#### Exercise brief
Below are the records. Retype exactly the lines between the lines holding "Coconut Peanut Butter" and "Foto: El tiempo en Mérida. (EC)", inclusive.

#### Dataset entries
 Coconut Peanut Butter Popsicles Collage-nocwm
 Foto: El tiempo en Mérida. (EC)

...

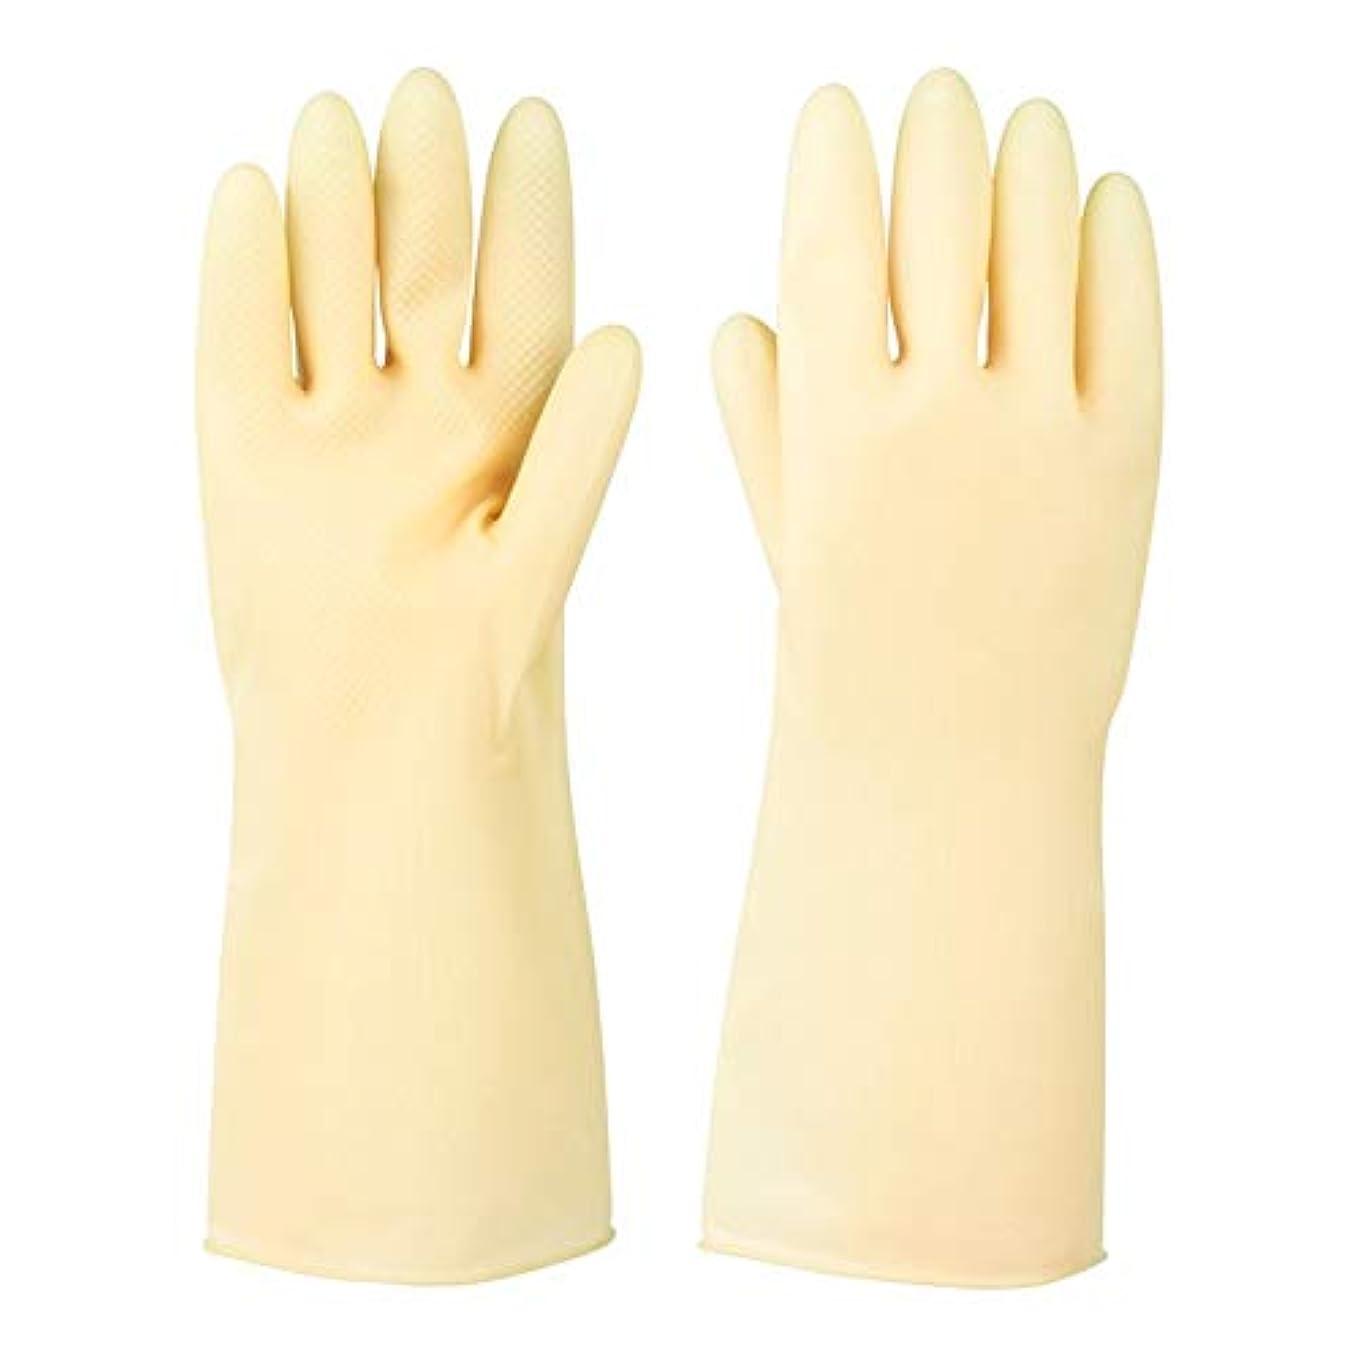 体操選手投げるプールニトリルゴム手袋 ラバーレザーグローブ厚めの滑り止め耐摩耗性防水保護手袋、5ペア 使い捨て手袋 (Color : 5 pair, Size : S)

* * *

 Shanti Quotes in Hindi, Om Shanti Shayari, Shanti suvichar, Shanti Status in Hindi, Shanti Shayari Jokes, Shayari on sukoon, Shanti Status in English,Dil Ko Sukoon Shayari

#### Answer to the problem
 Coconut Peanut Butter Popsicles Collage-nocwm
 Foto: El tiempo en Mérida. (EC)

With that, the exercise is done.